L'EPOPEA DI GILGAMESH
Dalla civiltà sumerica a quella babilonese


Monografia

Chi fu veramente Gilgamesh? I documenti che ne parlano sono quasi tutti posteriori all'epoca in cui ipoteticamente si potrebbe collocare il suo regno (ca. 2700 a.C.). Per alcuni studiosi è un'invenzione mitica, per altri è una figura semi-leggendaria. Il dibattito è aperto!

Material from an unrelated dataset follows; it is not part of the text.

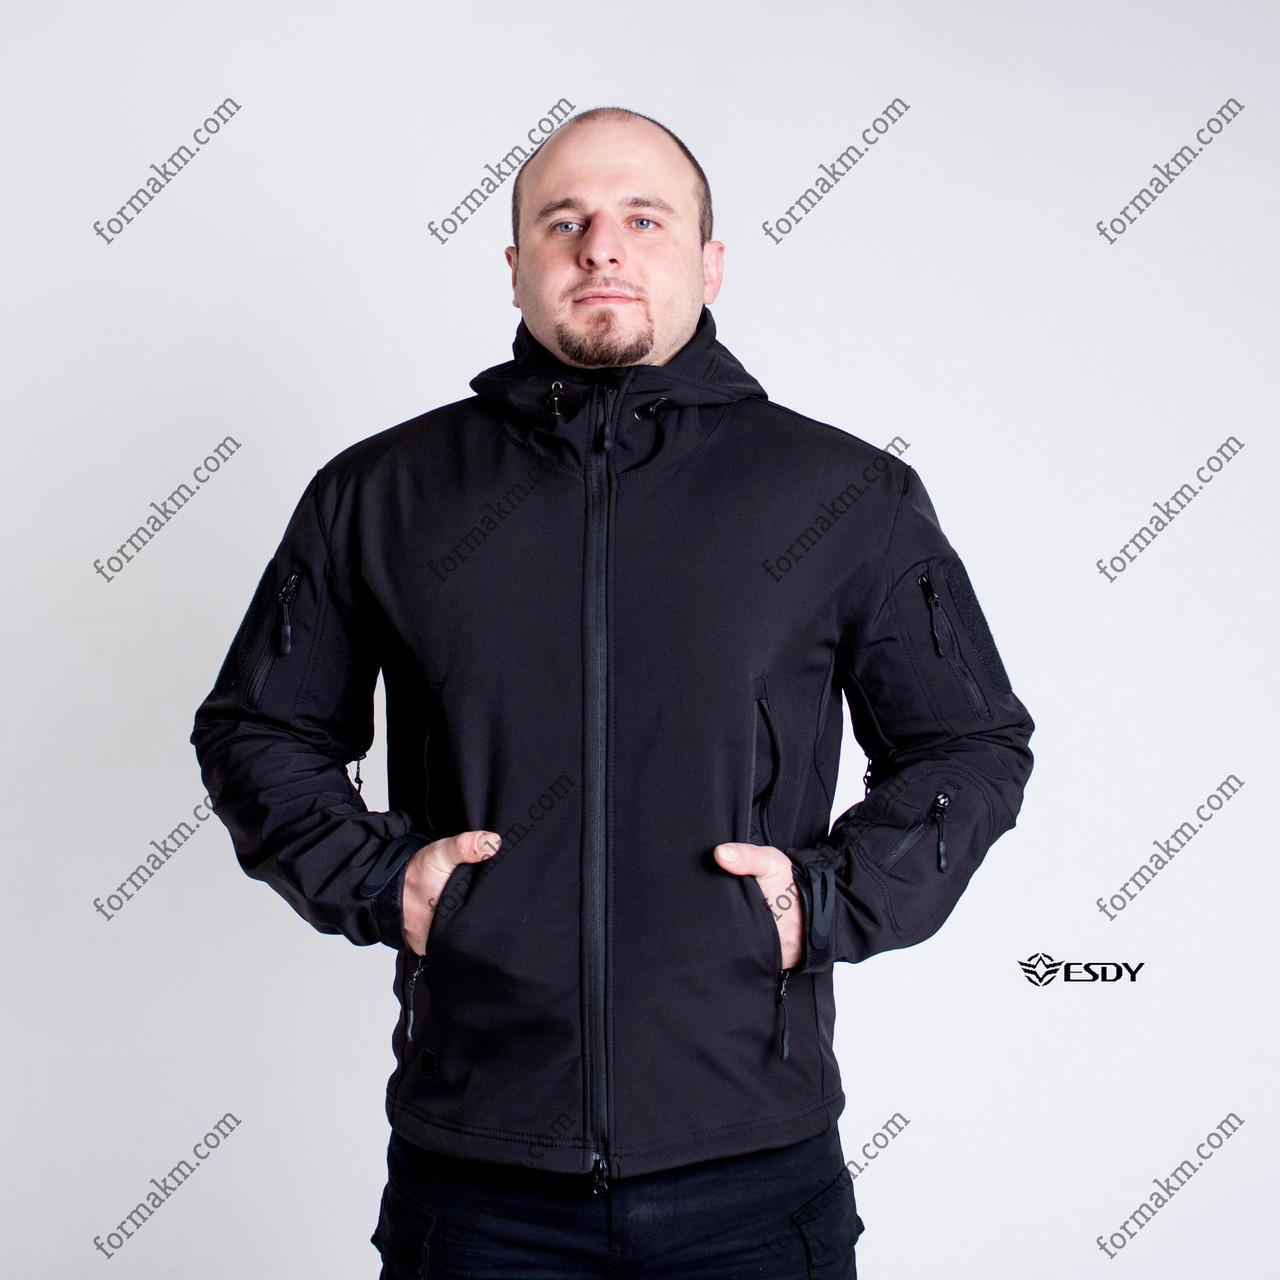 Тактическая Куртка Soft Shell ESDY TAC.-01 Black непромокаемая

Ecco come esordisce la McCall: "sappiamo con certezza che Gilgamesh fu un giovane re di Uruk, appartenente alla prima dinastia intorno al 2600 a.C." (p. 58 McCall 95).
Ahimè, la certezza della McCall non basta a trasformare le sue ipotesi in verità di fede condivise dagli studiosi. Le mie perplessità sono rafforzate dalle approssimazioni - chissà quanto volute - dei suoi testi (come l'inesistente implorazione dei cittadini di Uruk ad Aruru o il viaggio alla - orrore! - foresta dei pini). Sarà meglio pertanto esporre poco alla volta tutti gli elementi a nostra disposizione prima di trasformare le ipotesi in assiomi.

La lista reale di Fara

Gilgamesh è il più noto e celebrato eroe di tutta la Mesopotamia un po' come lo era Odisseo nel Mediterraneo all'epoca della colonizzazione greca. Dalla lista reale sumerica, redatta attorno al 2000 a.C. e proveniente da Fara, leggiamo un passo relativo al quinto re della prima dinastia di Uruk, che regnò verso il 2700 a.C.:

Il divino Gilgamesh
- suo padre è uno sconosciuto -
signore di Kullab,
regnò 126 anni;
Urlugal, figlio di Gilgamesh,
regnò 30 anni
(da The Sumerian King List, dal sito ETCSL, vedi inoltre p. 74 Pet 1992)

queste poche righe ci informano che

  •  Gilgamesh è un essere divino

  •  suo padre è uno sconosciuto (forse un sacerdote di Kullab, distretto templare di Uruk)

  •  egli ha un figlio Urlugal che regna dopo di lui.

Il terzo punto è sovente confermato da altri documenti dove Gilgamesh e Urlugal appaiono assieme come padre e figlio. Gilgamesh doveva essere un re molto importante e influente se, come racconta la stessa epopea (tav. I), poteva permettersi di

  •  allargare la cerchia delle mura di Uruk

  •  abbellire l'Eanna (tempio di Ishtar) di tesori

  •  ricostruire i santuari distrutti nel corso del diluvio.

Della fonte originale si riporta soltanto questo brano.